> [The data]
**********

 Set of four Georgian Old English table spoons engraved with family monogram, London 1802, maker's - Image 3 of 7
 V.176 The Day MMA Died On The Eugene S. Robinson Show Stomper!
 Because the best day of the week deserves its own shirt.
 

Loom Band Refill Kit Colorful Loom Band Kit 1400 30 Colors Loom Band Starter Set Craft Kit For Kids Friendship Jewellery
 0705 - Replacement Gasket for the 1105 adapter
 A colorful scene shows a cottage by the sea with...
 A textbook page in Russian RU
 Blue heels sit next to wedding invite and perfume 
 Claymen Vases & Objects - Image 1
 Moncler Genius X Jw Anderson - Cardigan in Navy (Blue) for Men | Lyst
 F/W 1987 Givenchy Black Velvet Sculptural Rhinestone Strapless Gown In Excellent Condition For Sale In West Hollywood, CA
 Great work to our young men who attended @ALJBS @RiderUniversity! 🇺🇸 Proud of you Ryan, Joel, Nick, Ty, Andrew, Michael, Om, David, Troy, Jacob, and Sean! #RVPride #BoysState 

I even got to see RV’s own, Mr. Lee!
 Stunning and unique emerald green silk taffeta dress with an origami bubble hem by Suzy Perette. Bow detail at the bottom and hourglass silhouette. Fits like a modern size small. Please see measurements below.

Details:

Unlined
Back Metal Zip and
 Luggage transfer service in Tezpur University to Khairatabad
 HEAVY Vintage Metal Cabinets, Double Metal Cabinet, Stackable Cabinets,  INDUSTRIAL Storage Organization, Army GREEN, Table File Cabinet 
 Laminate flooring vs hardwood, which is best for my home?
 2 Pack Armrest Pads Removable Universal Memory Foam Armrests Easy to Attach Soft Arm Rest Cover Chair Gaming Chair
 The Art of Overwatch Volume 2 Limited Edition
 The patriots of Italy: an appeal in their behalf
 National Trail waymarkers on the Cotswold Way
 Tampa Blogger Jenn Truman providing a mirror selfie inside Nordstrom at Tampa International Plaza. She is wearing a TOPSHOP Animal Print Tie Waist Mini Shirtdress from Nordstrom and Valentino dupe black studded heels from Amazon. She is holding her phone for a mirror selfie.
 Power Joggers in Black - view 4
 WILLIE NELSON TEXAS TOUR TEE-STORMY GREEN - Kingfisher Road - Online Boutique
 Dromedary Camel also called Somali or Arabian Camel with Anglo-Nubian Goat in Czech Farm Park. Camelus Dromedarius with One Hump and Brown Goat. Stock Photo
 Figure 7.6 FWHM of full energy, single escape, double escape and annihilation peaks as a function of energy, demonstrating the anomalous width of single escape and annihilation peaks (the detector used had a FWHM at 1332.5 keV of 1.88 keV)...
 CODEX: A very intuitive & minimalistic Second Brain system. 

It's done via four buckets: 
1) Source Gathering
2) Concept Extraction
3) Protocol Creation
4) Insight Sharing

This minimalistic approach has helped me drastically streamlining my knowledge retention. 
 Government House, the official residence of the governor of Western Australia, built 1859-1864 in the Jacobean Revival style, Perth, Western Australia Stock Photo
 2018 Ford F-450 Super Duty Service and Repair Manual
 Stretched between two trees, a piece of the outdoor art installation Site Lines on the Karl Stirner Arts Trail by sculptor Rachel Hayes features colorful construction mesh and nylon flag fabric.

**********

> [Problem statement] Look above for the line containing "The Art of Overwatch", then please write out that line and each one after it through the end, exactly, with nothing else.

> [Solution to this task]
 The Art of Overwatch Volume 2 Limited Edition
 The patriots of Italy: an appeal in their behalf
 National Trail waymarkers on the Cotswold Way
 Tampa Blogger Jenn Truman providing a mirror selfie inside Nordstrom at Tampa International Plaza. She is wearing a TOPSHOP Animal Print Tie Waist Mini Shirtdress from Nordstrom and Valentino dupe black studded heels from Amazon. She is holding her phone for a mirror selfie.
 Power Joggers in Black - view 4
 WILLIE NELSON TEXAS TOUR TEE-STORMY GREEN - Kingfisher Road - Online Boutique
 Dromedary Camel also called Somali or Arabian Camel with Anglo-Nubian Goat in Czech Farm Park. Camelus Dromedarius with One Hump and Brown Goat. Stock Photo
 Figure 7.6 FWHM of full energy, single escape, double escape and annihilation peaks as a function of energy, demonstrating the anomalous width of single escape and annihilation peaks (the detector used had a FWHM at 1332.5 keV of 1.88 keV)...
 CODEX: A very intuitive & minimalistic Second Brain system. 

It's done via four buckets: 
1) Source Gathering
2) Concept Extraction
3) Protocol Creation
4) Insight Sharing

This minimalistic approach has helped me drastically streamlining my knowledge retention. 
 Government House, the official residence of the governor of Western Australia, built 1859-1864 in the Jacobean Revival style, Perth, Western Australia Stock Photo
 2018 Ford F-450 Super Duty Service and Repair Manual
 Stretched between two trees, a piece of the outdoor art installation Site Lines on the Karl Stirner Arts Trail by sculptor Rachel Hayes features colorful construction mesh and nylon flag fabric.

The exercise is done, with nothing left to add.